By accounting for changes made since the store’s original design, including receiving feedback from store personnel or even customers, it affords the opportunity to improve comfort delivery by reducing equipment and capacity while improving energy efficiency, which helps reduce energy expense. This may even include “future-proofing” by adding technology such as Energy Management Systems (EMS) or other control technology

4. No utility rebates or taxes

Pursuing utility rebates, tax or other incentives can help offset the cost of the overall project, but may also require some planning. Many utility companies provide energy rebates for replacing old equipment with more energy-efficient equipment and will help improve the return on investment of the HVAC replacement project. Usually, utility companies require an assessment or analysis prior to the replacement in order to qualify for a rebate, which would be virtually impossible during an emergency replacement.

5. No way to stagger the project

Most retailers have grown their store footprint over time, which affords them the ability to cluster stores of similar age and geography. Most HVAC RTU’s last between 13 and 15 years, so projects can be rolled out to stores that are of similar age. The project can then further be prioritized based on electric and gas utility rates, temperature extremity, and utility rebate availability. Emergency replacements don’t have this luxury.
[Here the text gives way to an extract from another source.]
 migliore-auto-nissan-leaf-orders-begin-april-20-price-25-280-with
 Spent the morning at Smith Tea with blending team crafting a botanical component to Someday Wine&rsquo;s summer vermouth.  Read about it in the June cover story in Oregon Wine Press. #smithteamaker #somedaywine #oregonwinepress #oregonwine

HVAC maintenance usually ranks at the top of retailers’ budgets, but despite their best efforts to perform preventative maintenance to help control cost, an unusually hot summer or cold winter can easily impact a company’s bottom line. Still, a proactive approach to HVAC replacement enables timely planning, which avoids many of the unknown issues, and could avoid catastrophic failures that could potentially lead to store closures. Planned replacement affords you the luxury of maintaining control over store comfort while managing overall cost.